NK cells are strong immune effectors targeting cells lacking MHC class I molecules and have been applied as an anti-tumor agent against gliomas.48,49 In GBM, the low expression of NKG2D results in decreased NK cell activation.50 However, studies have illustrated that, even in low numbers, NK cells in glioma can show significant cytotoxicity against tumor cells.51 It was noticed in our previous study that IL-21 as well as VVLΔTKΔN1L increased systemic NK cells in multiple tumor models.21,23 In this study, VVLΔTKSTCΔN1L-mIL21 also increased NK cells and the effect was enhanced when combined with α-PD1, demonstrating that multiple tumor-killing mechanisms can be activated using our therapeutic protocol.

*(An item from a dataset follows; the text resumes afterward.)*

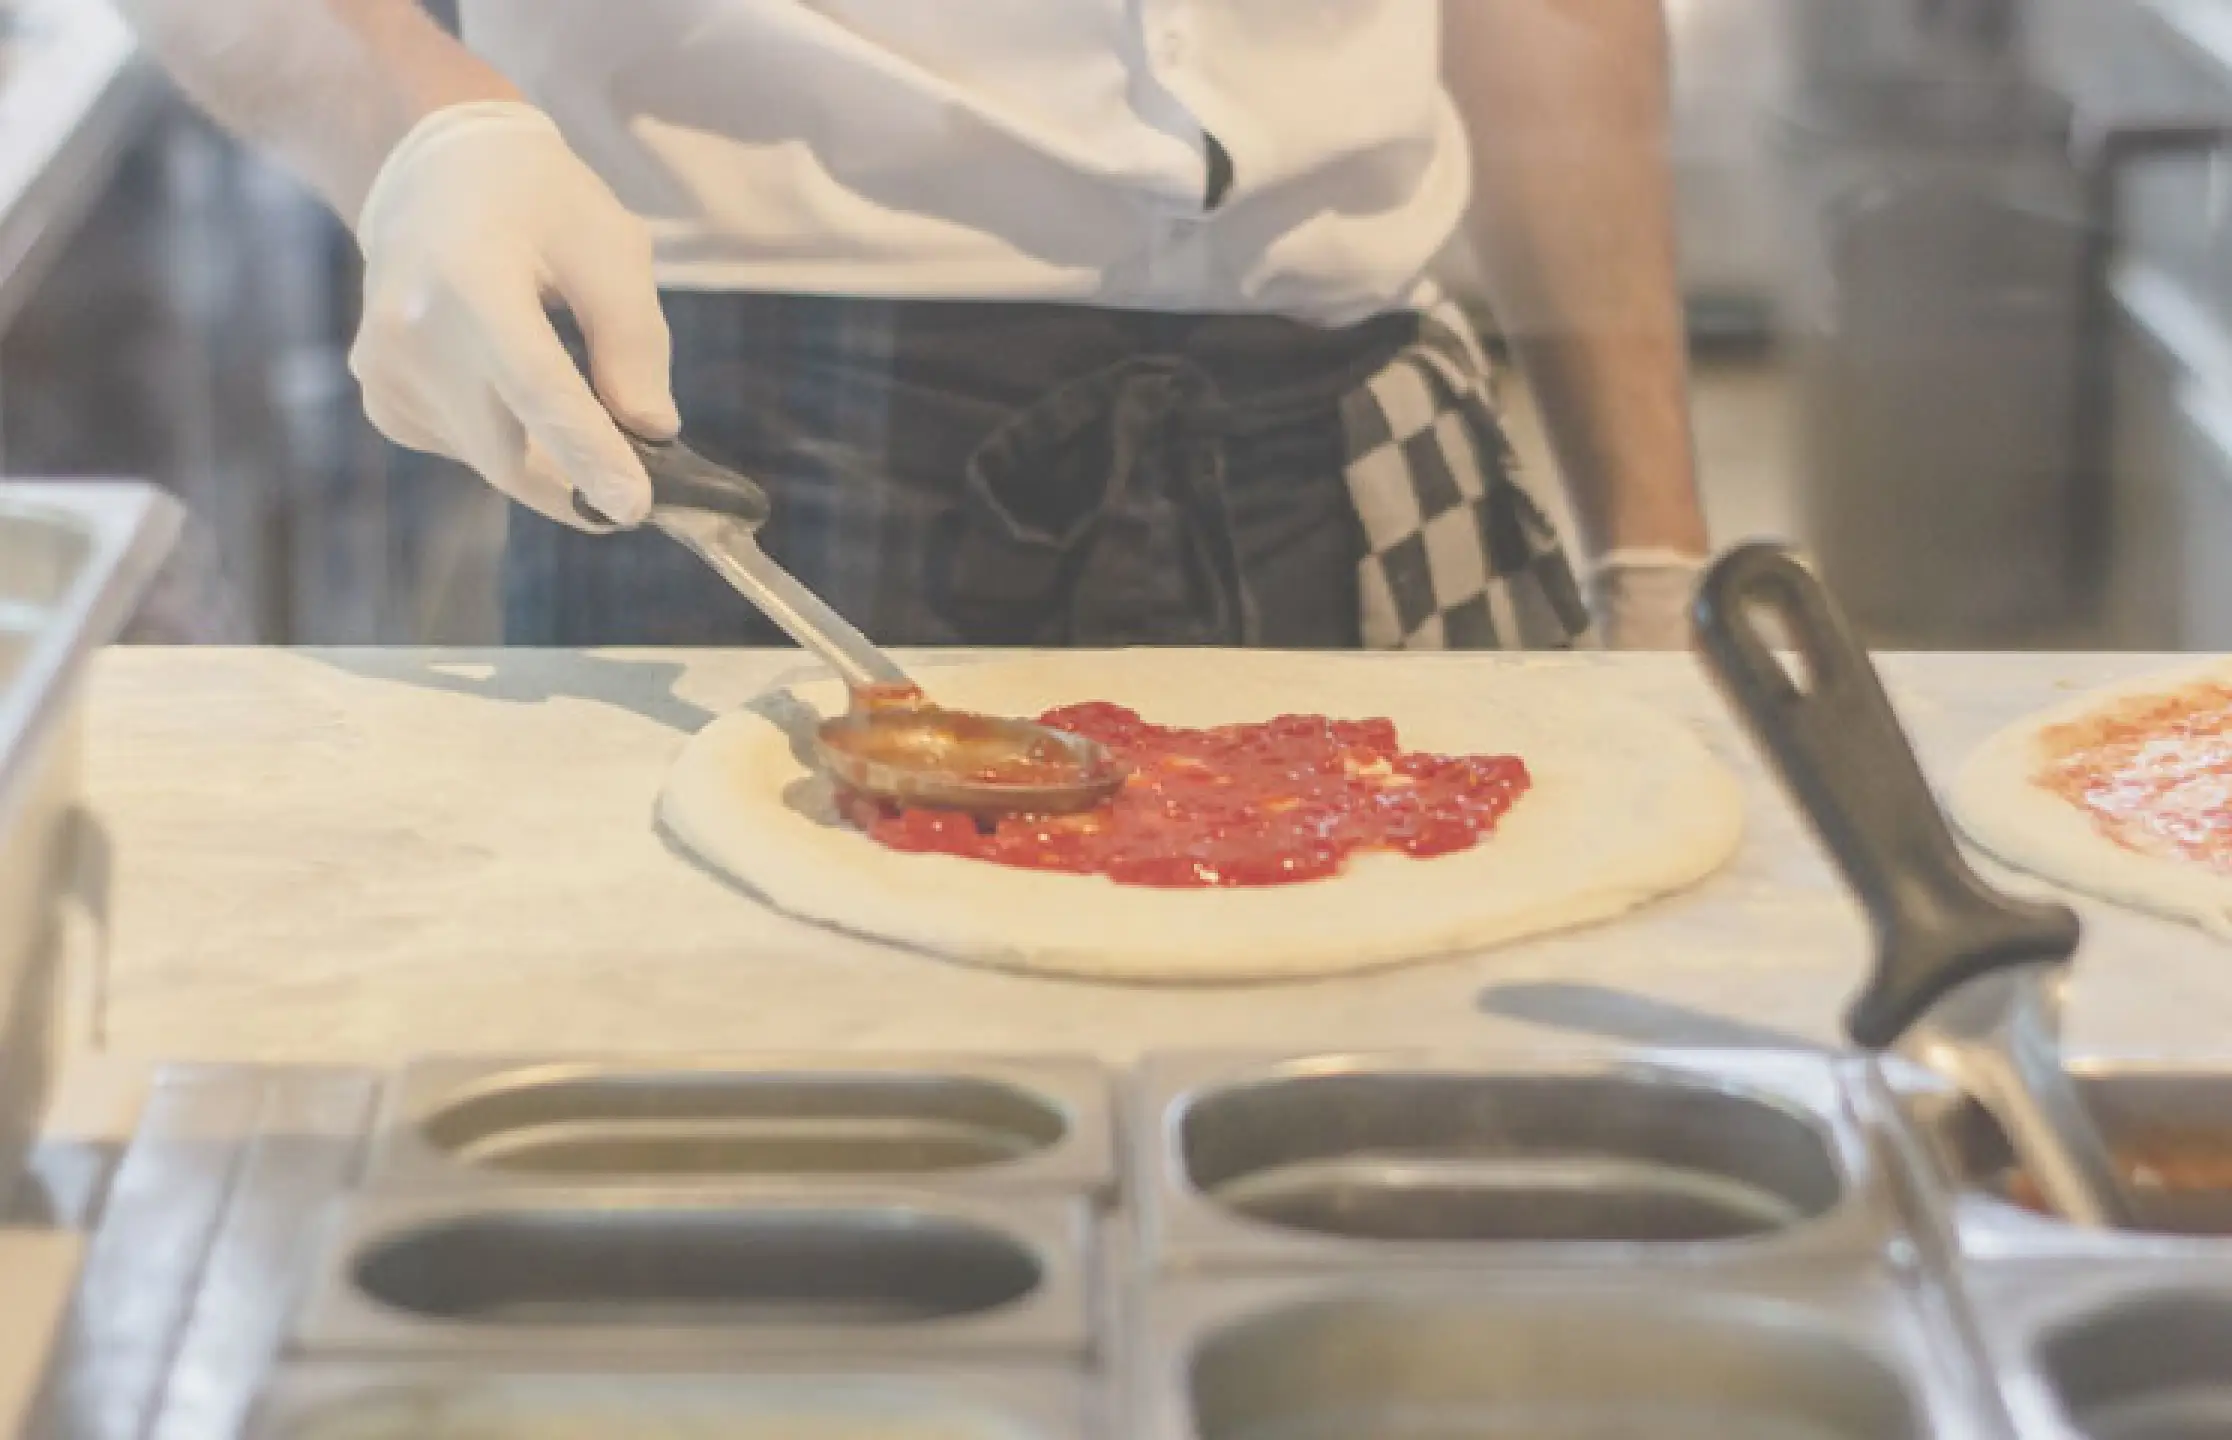 Kok belegt pizza in keuken restaurant

After VV enters the tumor, it replicates and kills the tumor cells, resulting in the expression of danger signals that induce strong infiltration and activation of immune cells in the TME to induce anti-tumor immunity. The increase in IFN-γ levels in the TME consequent to infection has previously been shown in other tumors to upregulate the expression of PD-L1 in tumor cells.52 Treating cancer with α-PD1 shows clinical benefit in only 20% of patients53,54 and reflects poor activation and infiltration of T cells in many tumors. Indeed, in previous models of GL261 murine glioma, treatment with α-PD1 was unable to alter T cell, NK cell, or macrophage populations.55 Thus, treatment with VVLΔTKSTCΔN1L-mIL21 could be expected to enhance the therapeutic landscape of α-PD1 therapies and indeed we demonstrated highly effective anti-tumor responses and improved long-term survival when with α-PD1 therapy was combined with VVLΔTKSTCΔN1L-mIL21 treatment. Indeed, α-PD1 treatment alone was ineffective at inducing long-term survival in our model. The healthy BBB is a diffusion barrier protecting the brain from large compounds and most pathogens. The progression of gliomas depends on neovascularization inducing tortuous, disorganized, and permeable vessels with defective pericyte coverage and an abnormal basement membrane. This remodeling can alter the BBB,56 and significant BBB defects caused by hypoxia, necrosis, and immoderate vascular growth is observed in glioma.56,57 However, EGFR upregulation, oxygen deficits, vascularization, and post-surgical damage can effectively enhance the infusion of VV into glioma and increase its tumor selectivity, suggesting that intravenous administration of VV is possible and effective in this disease. Indeed, investigation of treatment efficacy using an orthotopic model, which can be expected to more closely mimic the barriers to effective therapy experienced by glioma patients, demonstrated that VVLΔTKSTCΔN1L-mIL21 was effective (Figure 7E) and safe after i.v. delivery.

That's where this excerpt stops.